Execution time calculation

I have developed a kernel in HLS using streaming interfaces. Usually the parameters considered for finding timing values are clock cycles and the latency.
execution time =clock*latency;

But in streaming there is overlap with latency. So how do i find the total execution time in HLS for streaming? should i proceed to jupyter notebook to get the exact timing values?

Hi @srinivasan74,

In pipeline designs there are two key concepts

  • Initiation Interval (II), the number of clock cycles between the start times of consecutive loop iterations, ideally this should be 1
  • Latency, the time it takes to get an output since the input was fed

If you are only feeding one input the execution time (in clock cycles) is going to be equal to the Latency,
when you feed multiple inputs the computation in the different stages overlaps, so the equation to compute execution time is

execution time = Latency + II * number of inputs

Consider a simple example where the L = 5 and II=1 and you are feeding 10 input elements and for each element you get an output.

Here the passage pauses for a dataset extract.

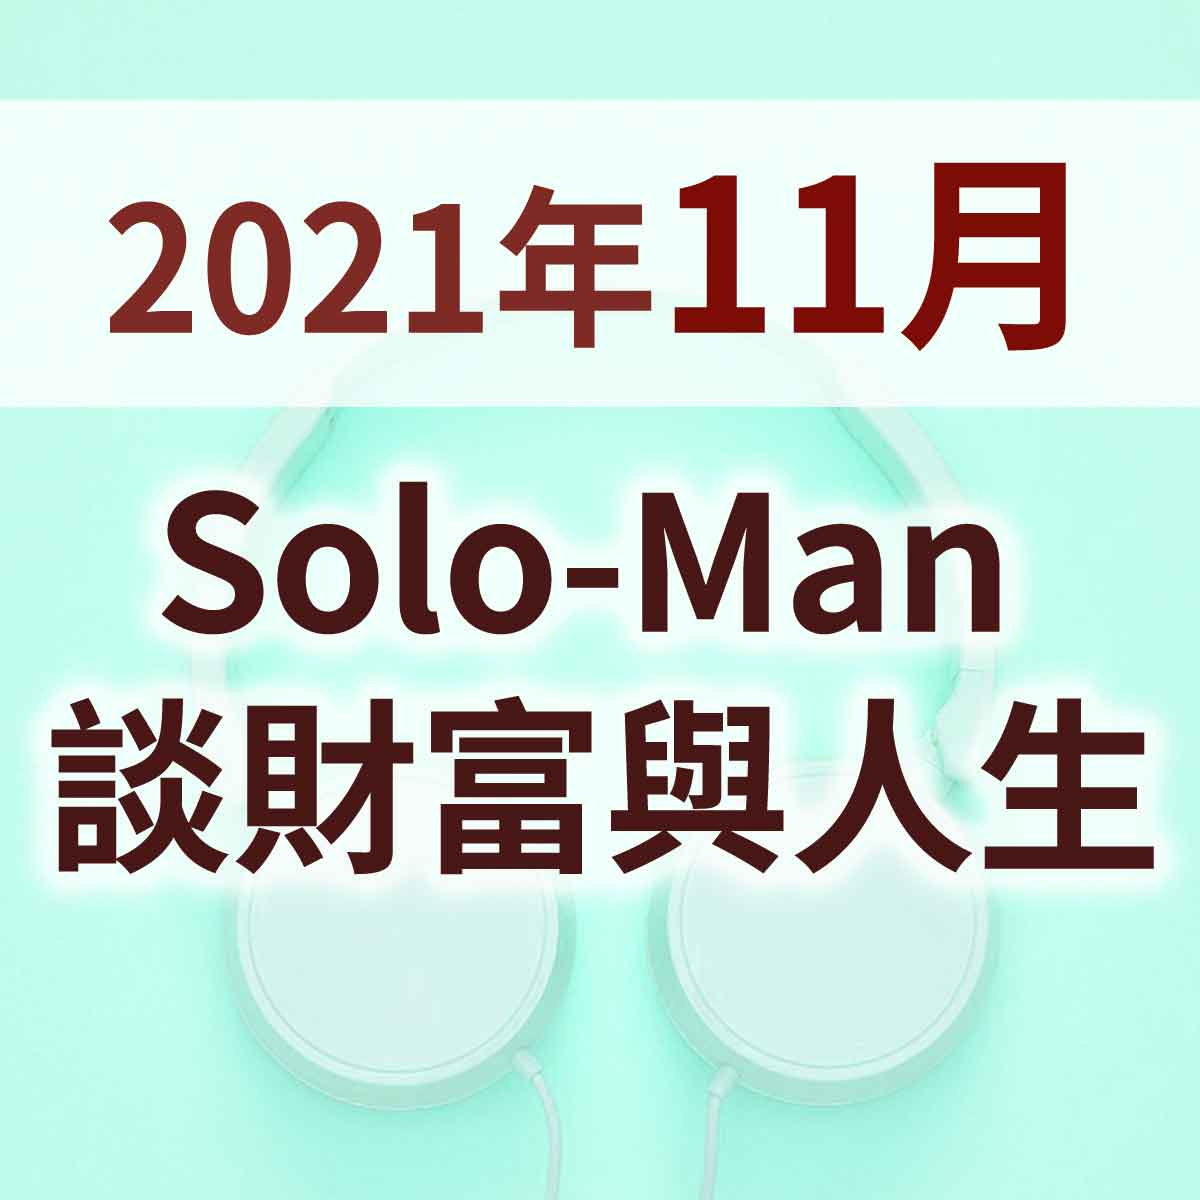 2021年11月 - 《Solo-Man 談財富與人生》主講人是Solo-Man 葉仁昌教授封面圖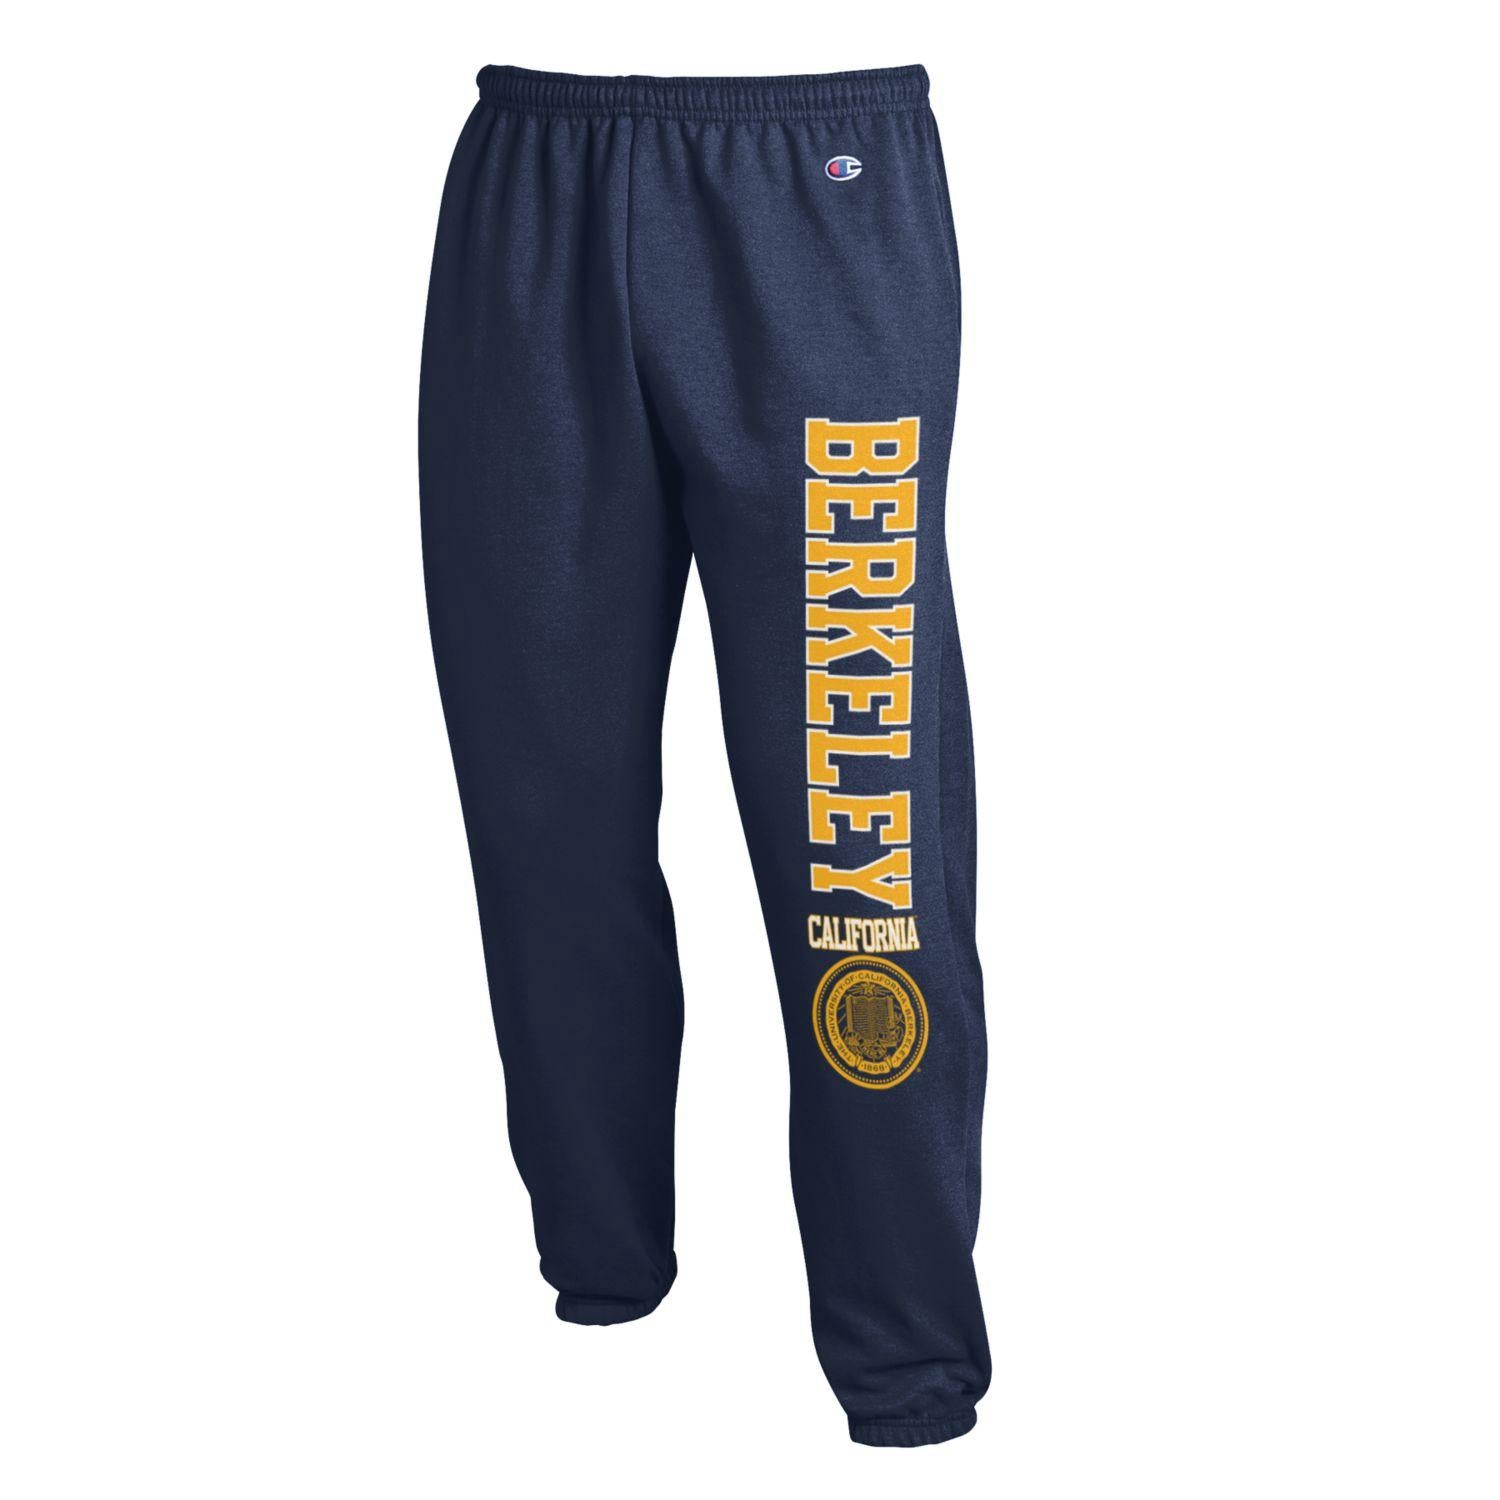 UC Berkeley Cal Champion Men's Banded Pants-Navy – Shop College Wear

It is going to take 5 cycles to get the first output, but in the next clock cycle you’ll get another valid output and so on until all elements are processed. Therefore, the execution time is 15 clock cycles.

If you measure the execution time from the jupyter notebook, you will be measuring the time to move data from the PS to PL and vice versa. It really depends on what you want to measure.

Mario

Thanks , can we measure the data transfer time from PS to PL in jupyter notebook using existing python functions? .Can we just compute the kernel execution time using the same function?

You could do these measurements from the jupyer notebook using magics https://ipython.readthedocs.io/en/stable/interactive/magics.html#magic-time,
for instance

%time
<your code goes here>

When the cell finishes executing you will get a report with the execution time. Note that the underlying OS impacts this measurement, and the granularity is the one the OS provides.

Mario

How is the execution time measured for an HLS IP on Vivado HLS(i.e. the time it takes to execute all the HLS Function defined in the top-level function) ?

Hi @Nikhil_Bhardwaj

Assuming you want to do this from software, this is one way from a cell in jupyter notebook

%time
<your code goes here>

You could also run a co-simulation of your HLS code and that should give you the execution time, without data transfer time.

Mario

Is there a way I can figure out the execution time on Vivado HLS or on Vivado IP Integrator?

If the boundaries in the HLS IP are well defined, this should be reported by HLS

Alternatively, using the Initiation Interval (II) and Latency (L) and you can compute the execution time in clock cycles as

execution(cycles) = L + II * <num iterations>

Mario

@marioruiz
Sir,

I’m currently working on implementing an image processing algorithm on Vivado HLS.
I need help with reducing the resource utilization, utilization of LUT’s in particular.
The top-level function on HLS has a kernel/window function defined for morphological operations(erosion & dilation), which causes high resource utilization.

I request you to kindly help me optimize my design for fewer LUTs.
(I tried looking on the Xilinx forum, but could not come up with a solution)

Kind Regards.

Hi @Nikhil_Bhardwaj,

Unfortunately, I am not able to help you with this.

My only suggestion is to use the Vision Vitis Accelerated libraries, these are optimized for performance and resource utilization.

https://xilinx.github.io/Vitis_Libraries/vision/2020.2/api-reference.html#dilate

Mario

1 Like